Most hate crime laws in the United States are written to define the crime by whether the perpetrator intentionally selected the victim because of some named characteristic. California’s law, for example, lists race or ethnicity, nationality, gender, religion, sexual orientation or disability as prohibited motivations that trigger enhanced penalties. Some have called for expanding that list to include crimes targeting the police.

Laws that attack the perpetrator’s motives are why hate crime prosecutions carry an air of “thought crime”, as the jury hears evidence of what books the defendant reads, what emails he writes and what groups he belongs to, in search of evidence of racial or other hatred. Defence lawyers, for their part, sometimes end up trying to convince the jury that their client had some other violent motive not disfavoured by the law.
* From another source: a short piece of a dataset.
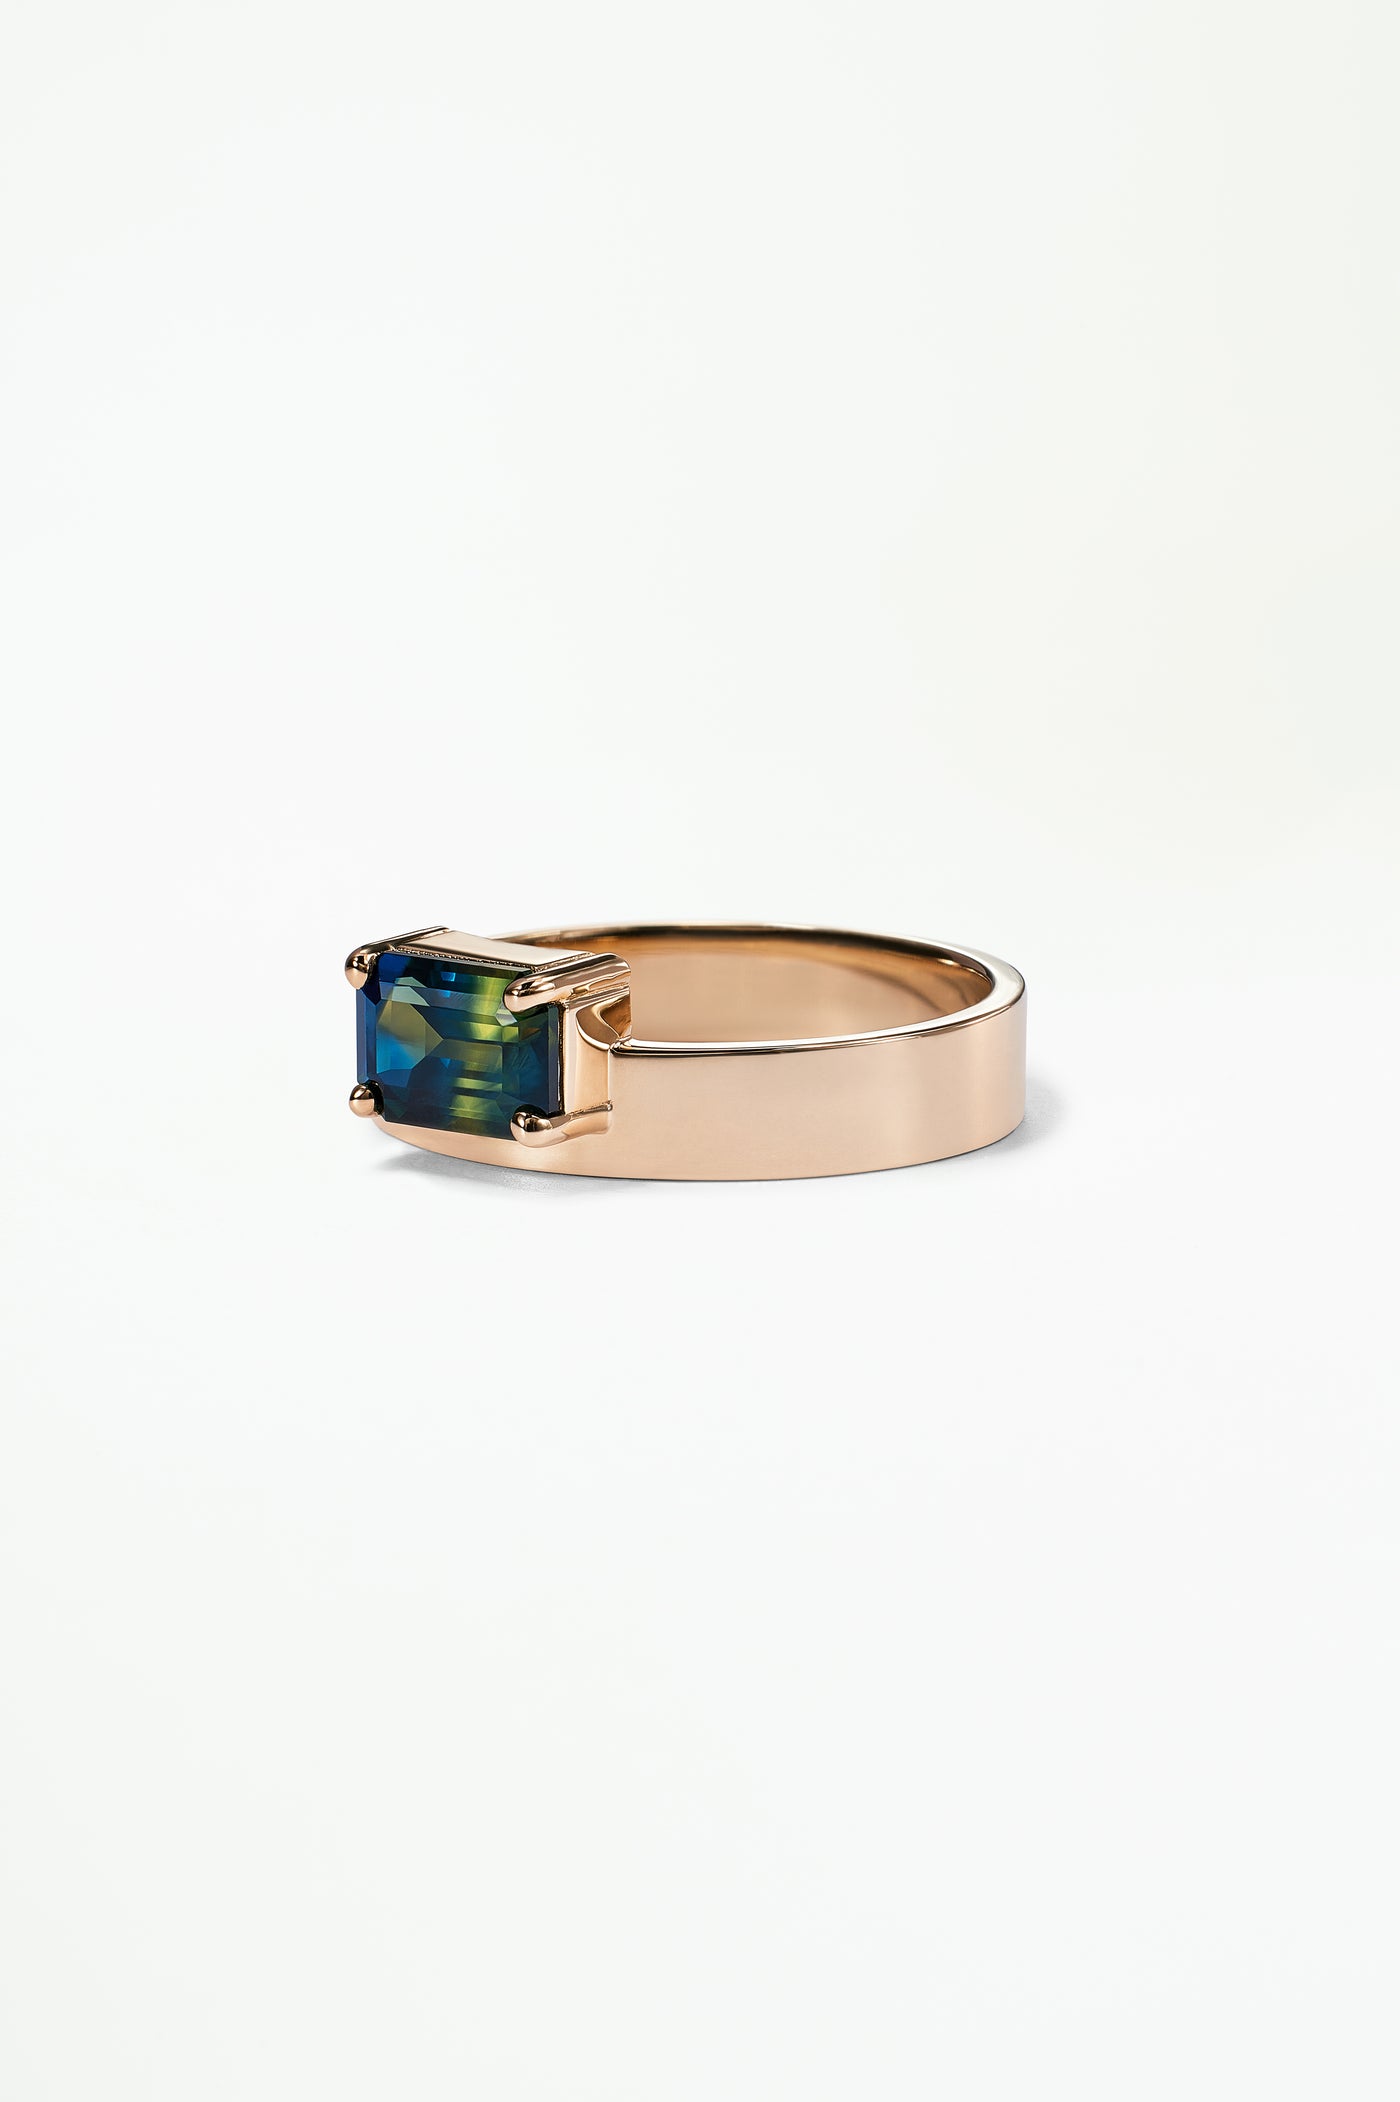 One of a Kind Emerald Cut Sapphire Monolith Ring No. 8

But the perpetrator’s innermost thoughts shouldn’t really matter.

Hate crimes are damaging because they look like hate crimes — that’s how the crime sends the message of fear. A better-designed law would simply ask the jury to consider the objective facts — such as how the defendant encountered the victim or the use of racial epithets — and determine whether a reasonable observer would consider it a hate crime. If people witnessing an incident wouldn’t recognise it as a hate crime, scouring the defendant’s browsing history adds nothing to public safety.

An objective observer test would also eliminate the need to list particular forbidden motivations, a sticking point in parts of the country where legislatures resist providing explicit protection for sexual orientation. If it looks like a hate crime, it is, even if the hate in question is a controversial or unusual one.

Focusing on the social nature of the harm addresses another common conservative objection: That hate crime statutes provide unequal protection of law by treating similar acts of violence differently based on who the victims are. By limiting prosecution to those acts that are publicly visible as hate crimes when they are committed, heightened penalties apply only to truly different acts.

Removing motivation from the picture would also prevent defendants from claiming that their acts were a hoax or a joke. Hoaxes are something of a trend and just as harmful as the real thing, and they should be subjected to the same punishment.

A second reform would protect defendants from motivated overreach by prosecutors: Eliminate retrying failed state hate crimes prosecutions in federal court (or vice versa). The Constitution’s ban in US on “double jeopardy” technically doesn’t prevent this — you can be tried twice for the same crime, so long as it’s by different governments. But it still offends the spirit of the double jeopardy clause, and Congress can provide protections that the Constitution does not.

If federal prosecutors believe that a legitimate hate crime prosecution won’t be taken seriously by local authorities, they can jump to the head of the line. But allowing them to take a second bite at the same apple simply because the first jury didn’t get the result they wanted invites abuse and encourages the public to view these prosecutions as political.

These nuts-and-bolts improvements to the criminal process offer a more practical way to identify and punish hate crimes than a recent proposal in the California Legislature to create a “hate crime registry” of offenders modelled on those currently used for sex offences, which would encourage an ever-expanding use of “scarlet letter” punishments.

With these two reforms — refocusing hate crimes laws on crimes that have the public characteristics of a hate crime and preventing hate crime prosecutions from being routinely tried twice — prosecutors can focus on effective and uniform punishment instead of political grandstanding.

— Los Angeles Times

Dan McLaughlin is a lawyer in New York and a contributing columnist to National Review Online.